A quem serve a Guerra?
Explicar a
Guerra é uma das tarefas mais complexas às quais o ser humano se pode dedicar. Todas
as implicações relativas ao jogo de poder quer a nível nacional e internacional,
às relações externas, à disputa de soberania, à autodeterminação dos povos, à
história e geografia, à economia, aos sistemas políticos vigentes, à
sociologia, à psicologia social e à ciência compõe um corpo de análise de tal
forma intrincado que torna a realidade subjetiva de acordo com o enquadramento
conceptual pelo qual analisamos o nosso objeto.
Um
dos aspetos que me atraiu em “Extinção” foi precisamente a vontade de explicar/analisar
conflitualidades muitas vezes deixadas à margem da história tendencialmente etnocêntrica
com a qual temos normalmente contacto.
A
narrativa decorre a partir de três locais, a Casa Branca em Washington, a República
Democrática do Congo e o Japão.
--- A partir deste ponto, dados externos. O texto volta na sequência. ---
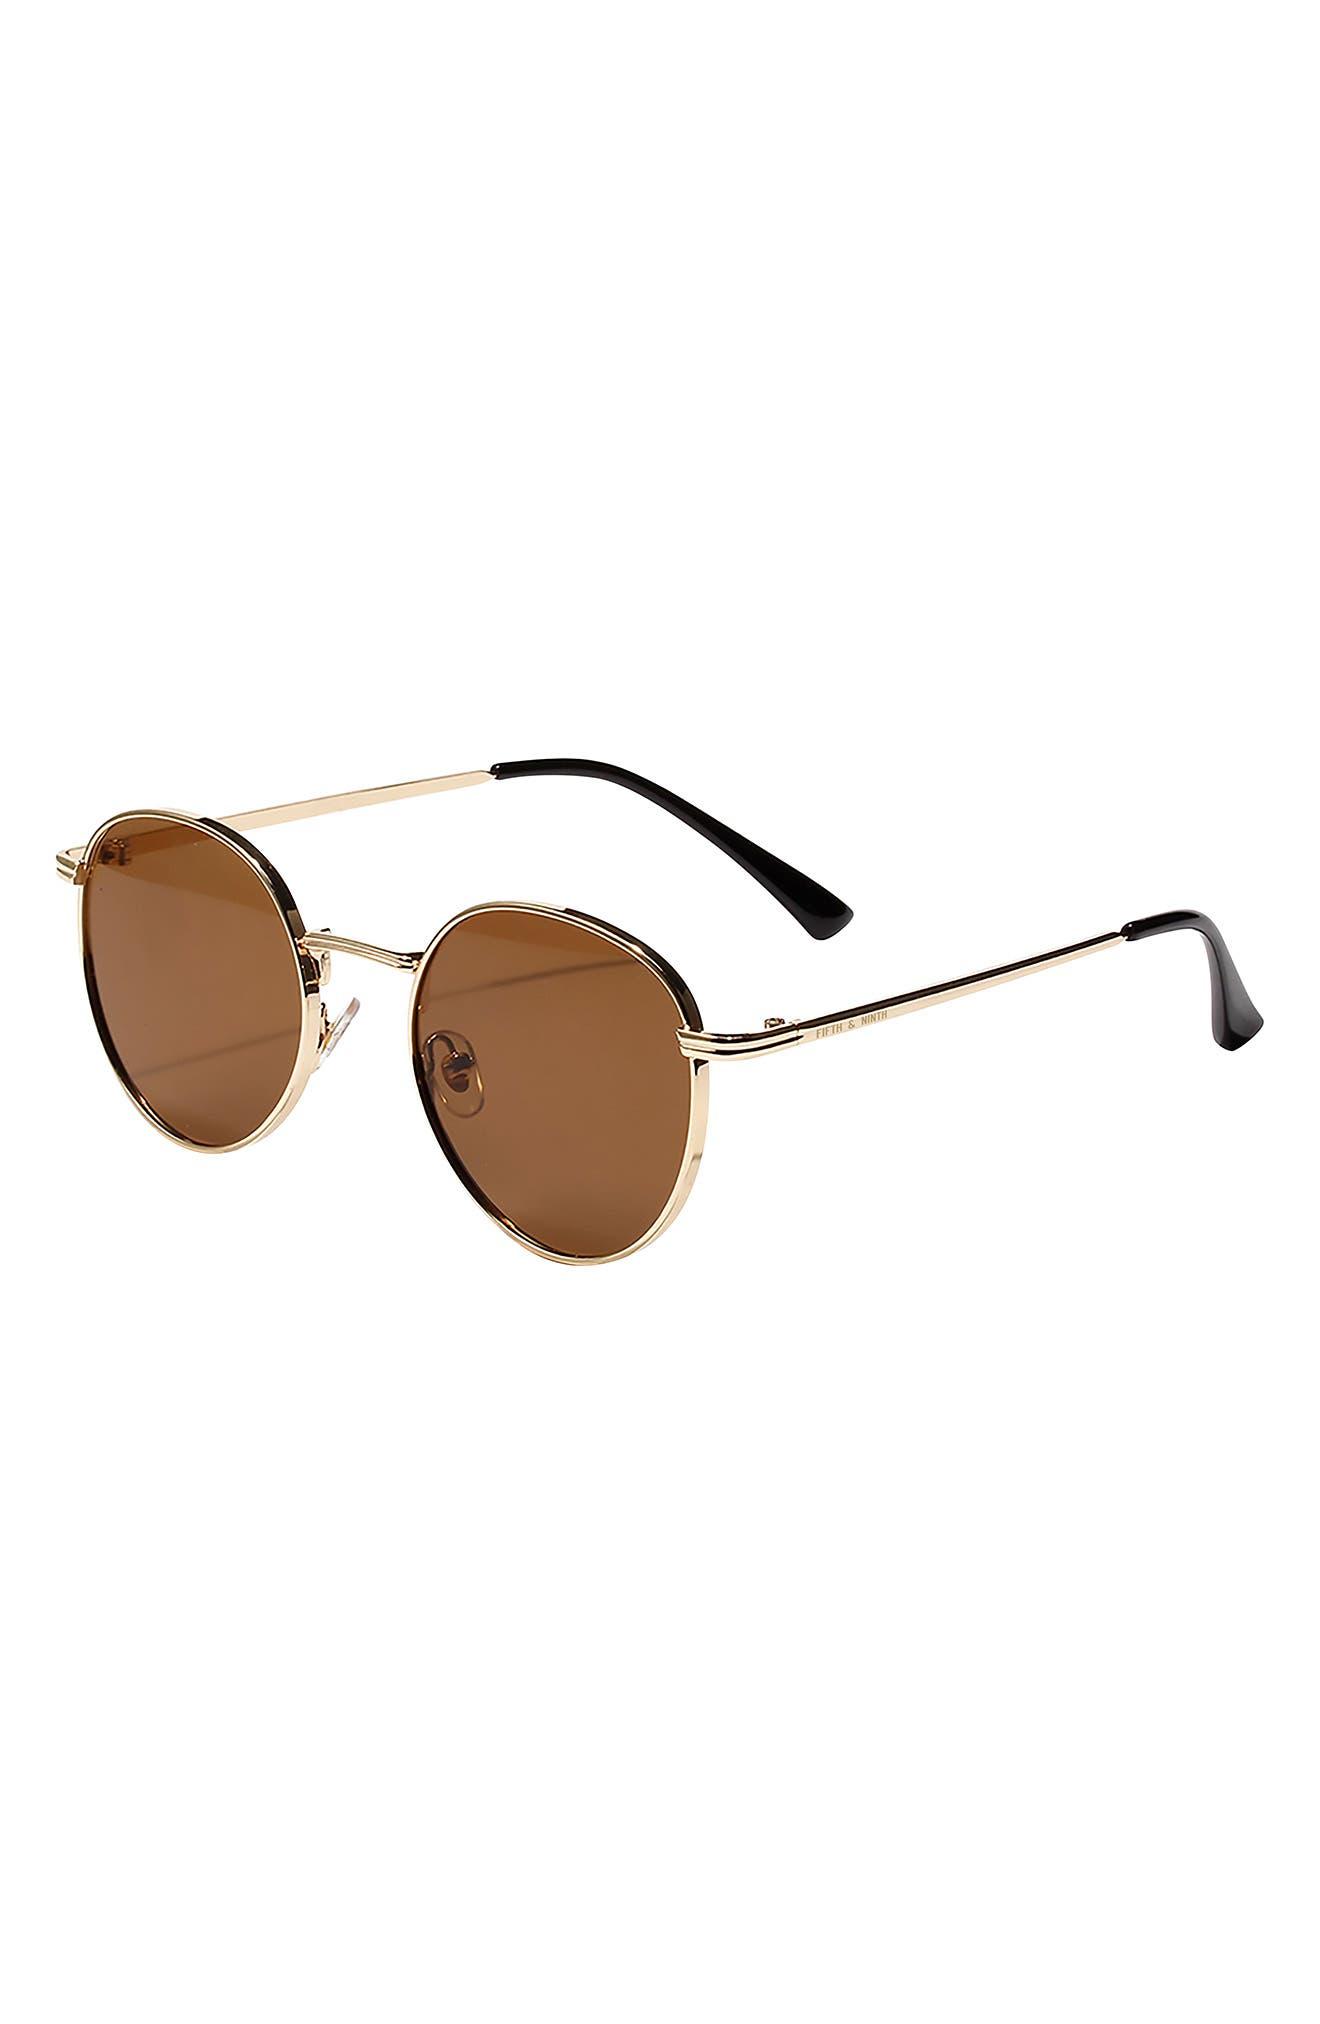 Jackson 50mm Round Sunglasses

A parte mais fulcral da narrativa passa-se no
Congo e nas conflitualidades no local.
Se
é verdade que a literatura não se pode sempre debruçar sobre os grandes temas, é
também verdade que existem poucos relatos que falem de problemáticas humanas
desta dimensão e é de louvar a forma como o livro nos apresenta uma visão
bastante extensa sobre um conflito pouco mediatizado.
“O
Genocídio que acontece em África tem menos cobertura do que quando sete gorilas
são abatidos” ironiza o autor na página 55.
A Guerra Mundial Africana
A Guerra Mundial Africana
A raiz do problema do Congo vem dos tempos coloniais. Quando os belgas controlavam o país puseram as duas principais tribos, os tutsis e os hútus, que até então tinham vivido em paz, uma contra a outra. Arbitrariamente deram um tratamento preferencial aos primeiros, o que provocou ressentimento da parte dos segundos. Este ódio tribal aumentou até eclodir no genocídio do Ruanda. O avião do presidente hútu foi abatido, o que fez com que os hútus começassem a dizimar violentamente os tutsis.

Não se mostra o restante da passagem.